My Booky Wook 2: This Time it's Personal by Russell Brand
My rating: 2 of 5 stars
Much like the first book, but i was still shocked at several parts in the book... Drinking breast milk, really? I don't know, I'm a fan of Brand, but I don't think it was necessary to split a biography into two. Especially since it took a while for me to get reacquainted with the characters in his life. Prob should have had a little meet and greet in the beginning of this book or something, rather just picking up where the first book left off and assuming everyone had A. read the first book and B. remembered everything and everyone. Took longer than it should have for me to get into this book, especially since his style of humor and writing really are entertaining. I just can't get into a book if I have to sit and play catch up (one of the reasons I like Stephen King's Dark Tower series is for his recaps in the beginning of each new installment, minus the sixth for some odd reason).
One of the parts that I did like was his account of the 2008 MTV VMAs, and the utter failure of his humor being accepted right off the bat in America. Those death threat emails (so thoroughly analyzed in this book) were actually a lot of fun to read. Even though they really just serve to show the world how violent and self-righteous American citizens are. Of course, that's a topic better left for political blogs. Or at least, from a separate post than a discussion of a comedian's memoir.
As much as I appreciated the fact that more of this biography was relevant to me, an American with little access to Brand's earlier work in Britain, I feel like this was just an effort to make a little bit more money off the hype surrounding his first Booky Wook. Less entertaining than the first one, it almost felt like a chore to read.
I have to say though, I thought the ending, all about Katy Perry, was pretty sweet.

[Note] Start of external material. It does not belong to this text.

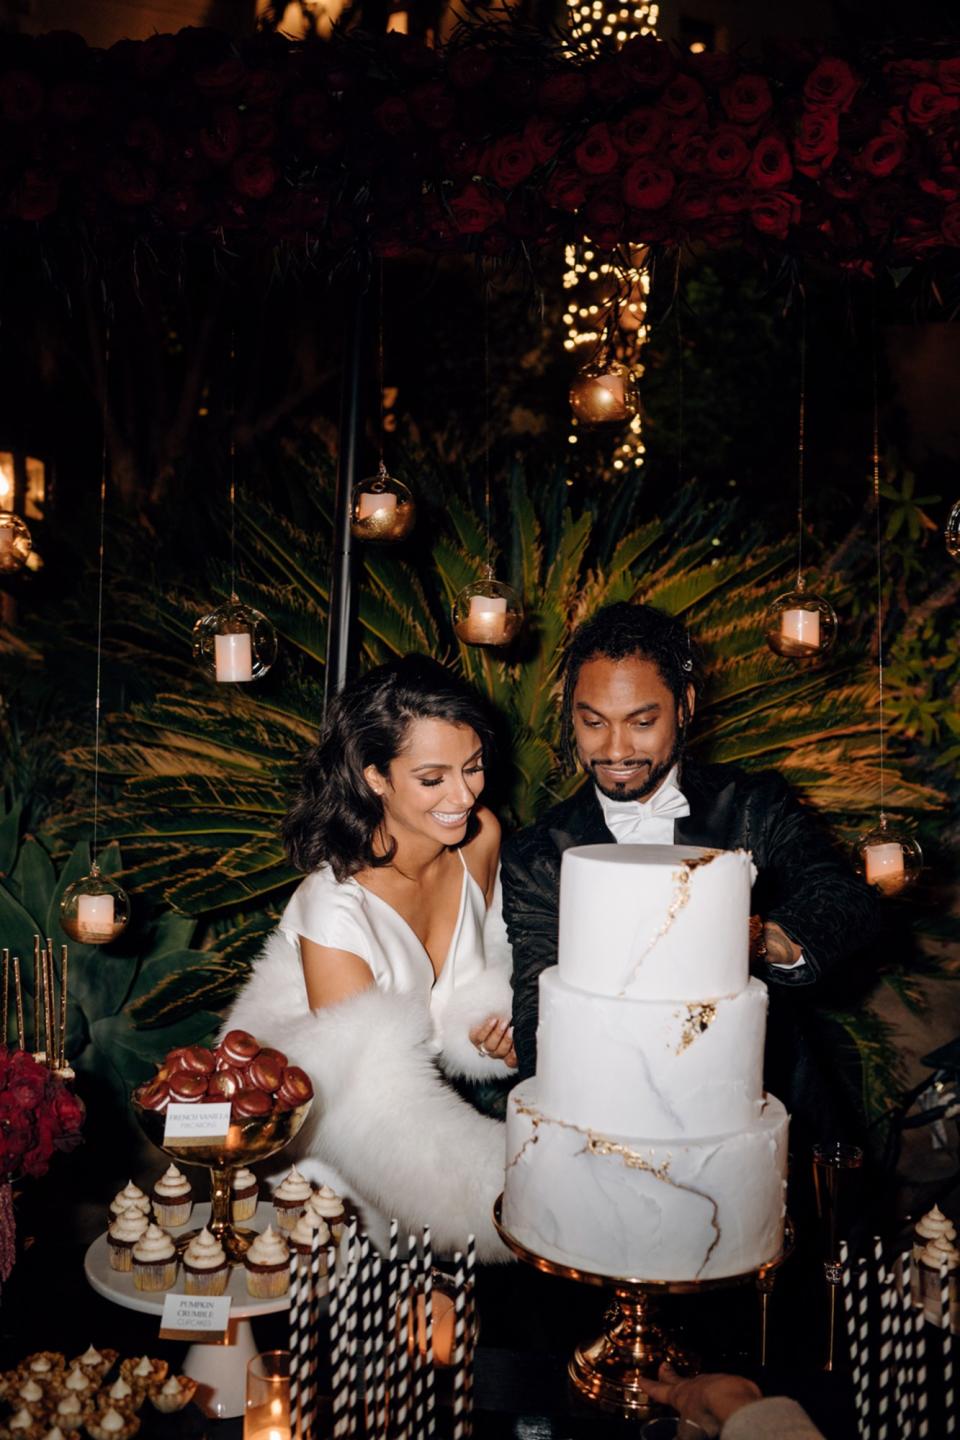 The wedding took place on Saturday, November 24, outside of Los Angeles and was an intimate affair that somehow, perhaps because it was right at the end of the Thanksgiving holiday, managed to fly under the radar.

Even if they're getting divorced and he was apparently a jerk to her anyway, it's good to see love in action. Cheesy and lame and a little too romantic for my tastes, but there you have it. Everyone just wants to be loved. Sidenote: the psychologist in me really enjoyed the intense relationship with his mother, and the not-so-close bond with his father, and his countless sexcapades throughout his life. Both to impress daddy and make him proud, and to feel some attachment, even somewhat close to what he feels to his mother (although clearly a different relationship than mother-son)... I really am a nerd for once again bringing psychology into my recreational reading.
So anyway, my final thoughts- I was still entertained by Brand, but this felt a little more like required reading to me. Plus it was so similar to his first Booky Wook, it got kind of monotonous and boring. Which is something I never thought I'd say about Russell Brand, especially after reading his first book. I recommend it, but take your time reading it or you'll feel forced to read it which makes it less fun.